Выбрать главу
* * *

Вызвав Долговязого на очередной допрос, следователь Грейтскилл достал из шкафчика в стене бутылку с коньяком и две рюмки. Беседа обещала быть интересной…

От одноухого Файзулы долго не удавалось добиться никакого толку. Но в конце концов, проникшись полным доверием к своему товарищу по несчастью, он стал делиться с ним кое-какими сведениями из своей биографии. Он работал вакилом у одного белого купца, англичанина. Вот была жизнь! Мяса, вина, женщин — сколько душе угодно! Наскучат удовольствия, запросит душа геройских дел — берешь своих молодцов и айда громить туземцев… Сколько слоновой кости там захватывали, сколько коров, сколько невольников! Денег сколько выручали в Хартуме! Он и в Англию приехал с деньгами, да отобрали, негодяи, осталось лишь несколько монет, зашитых по углам халата…

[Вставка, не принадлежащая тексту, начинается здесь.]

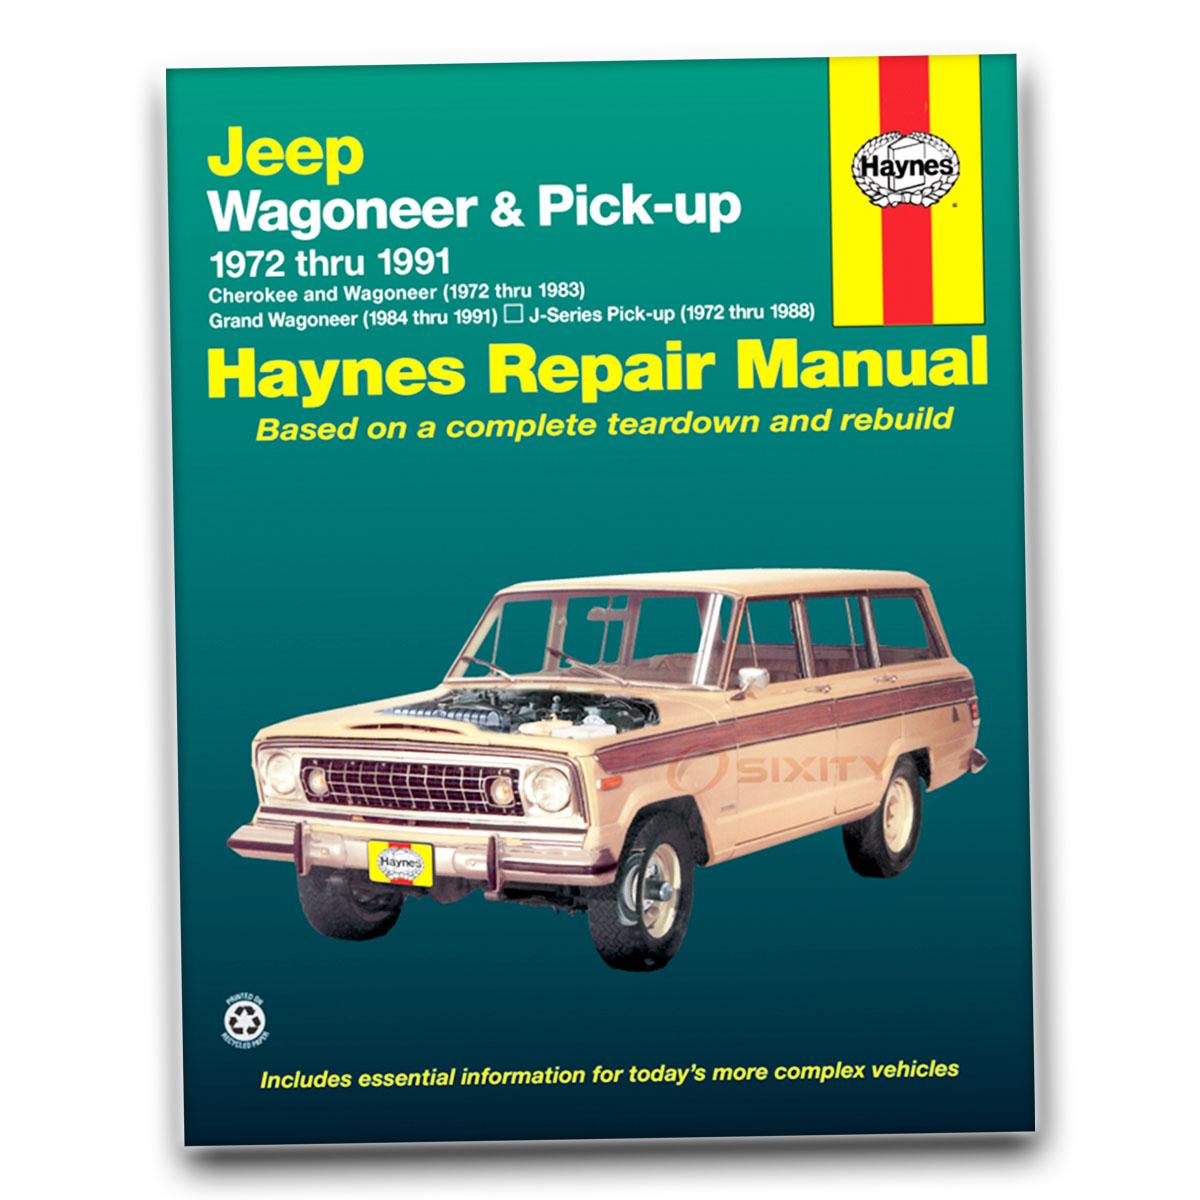 jeep j10 haynes repair manual base shop service garage book wt ebay rh ebay com 2011 Jeep Patriot Repair Manual Jeep Repair Manual Online

Еще через некоторое время выяснилось, что какой-то другой европеец решил разрушить ему счастливую жизнь. Он оскорбил хозяина Файзулы и грозит ему разорением. Но не бывать этому! Файзула отомстит тому, кто поднял руку на их с хозяином богатство и привольное житье!

«Уж не за этим ли приехал он в Англию?» На такие удочки Одноухий не клевал: сразу начинал уклоняться от темы, и нужно было приложить все искусство, отточенное долголетней практикой, чтобы рассеять его подозрения…

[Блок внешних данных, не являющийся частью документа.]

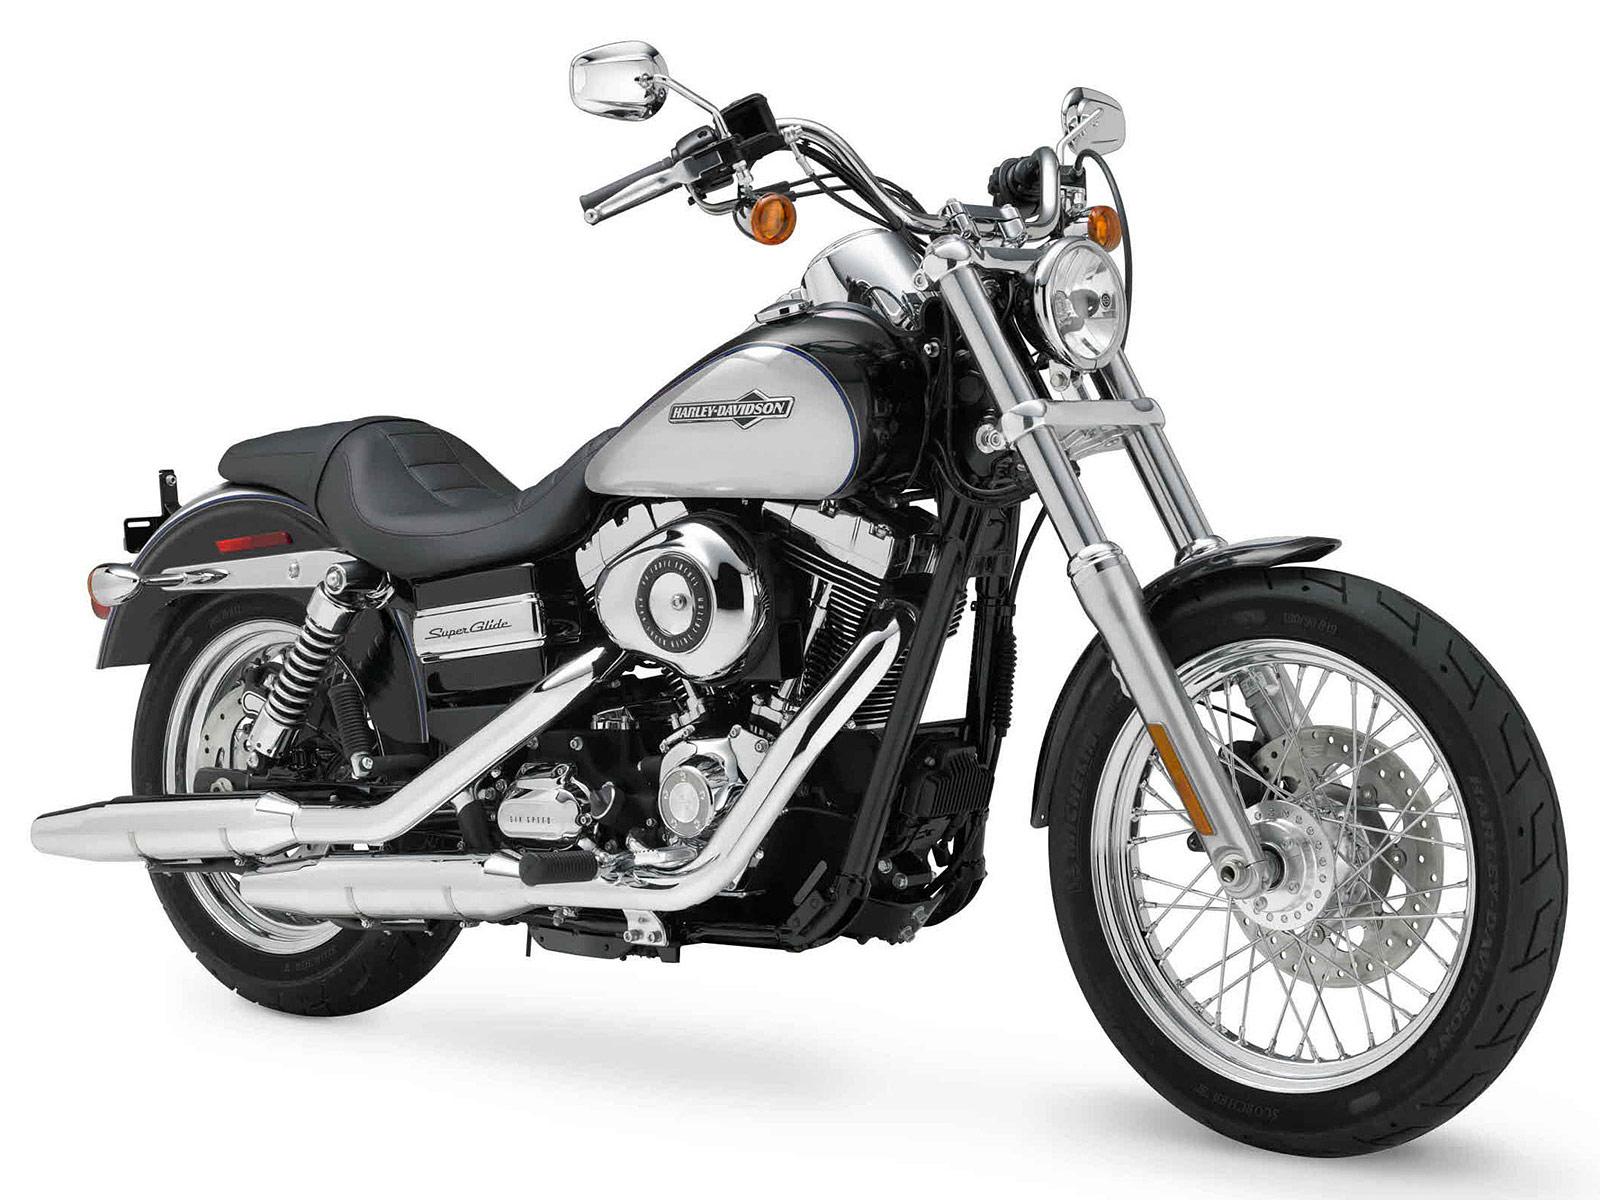 Harley Davidson 2012: 2012 Harley-Davidson FXDC Dyna Super Glide Custom

Но следователь Грейтскилл не отступал — недаром его прозвали Терпеливым Мэтью! И сегодня он должен был получить новые сведения.

Вошел долговязый человек с разболтанными, как на шарнирах, конечностями и лысиной на круглой голове.

— Садись. Пей и докладывай.

— Все было сделано, как вы приказывали. Целую неделю я уговаривал надзирателя, а он отказывался самым натуральным образом. Наконец, он как бы согласился, взял одну монету, выпоротую из халата Файзулы, и вскоре принес кварту рома.

Рассказывая, Долговязый нещадно путал английские и немецкие слова.

— Черт тебя побери, когда ты научишься разговаривать по-английски! — поморщился Грейтскилл. — Господи, а рожа! Только Терпеливый Мэтью может терпеть такую образину… Ну черт с тобой, продолжай…

— А дальше все пошло как по маслу: мы выпили, и его развезло…

Часом позже, закончив «допрос», Терпеливый Мэтью сказал:

— Ну ступай, пусть тебя там подкрасят. Старайся теперь выяснить детали. И смотри, кто бы из наших ни стал тебя расспрашивать, не болтай: пока дело не доведено до конца, никто ничего не должен знать, понял? Ты служишь только у меня, и терпят тебя только благодаря мне, помни это. Ступай.

У двери Долговязый помялся.

— Сэр, а когда же…

— Что «когда же?»

— Ведь вы обещали мне… Паспорт… На первое время хотя бы французский…

— Хм… Да на что он тебе? Чем тебе здесь плохо?.. Разве я тебя обижаю?

— Никак нет, сэр, вы относитесь ко мне хорошо, но все-таки…

— Ну что «все-таки»? Все еще не расстался с мечтой открыть свою аптеку?

— Вот вы смеетесь, сэр, а чем плохо быть аптекарем? Где-нибудь в маленьком городишке у альпийских гор… Ведь я еще не стар, мне далеко еще нет пятидесяти… Ах когда же, сэр, когда же?

— Ладно, ладно, потом поговорим. На-ка вот, — Терпеливый Мэтью достал из жилетного кармана серебряную монету, — пойди выпей в буфете…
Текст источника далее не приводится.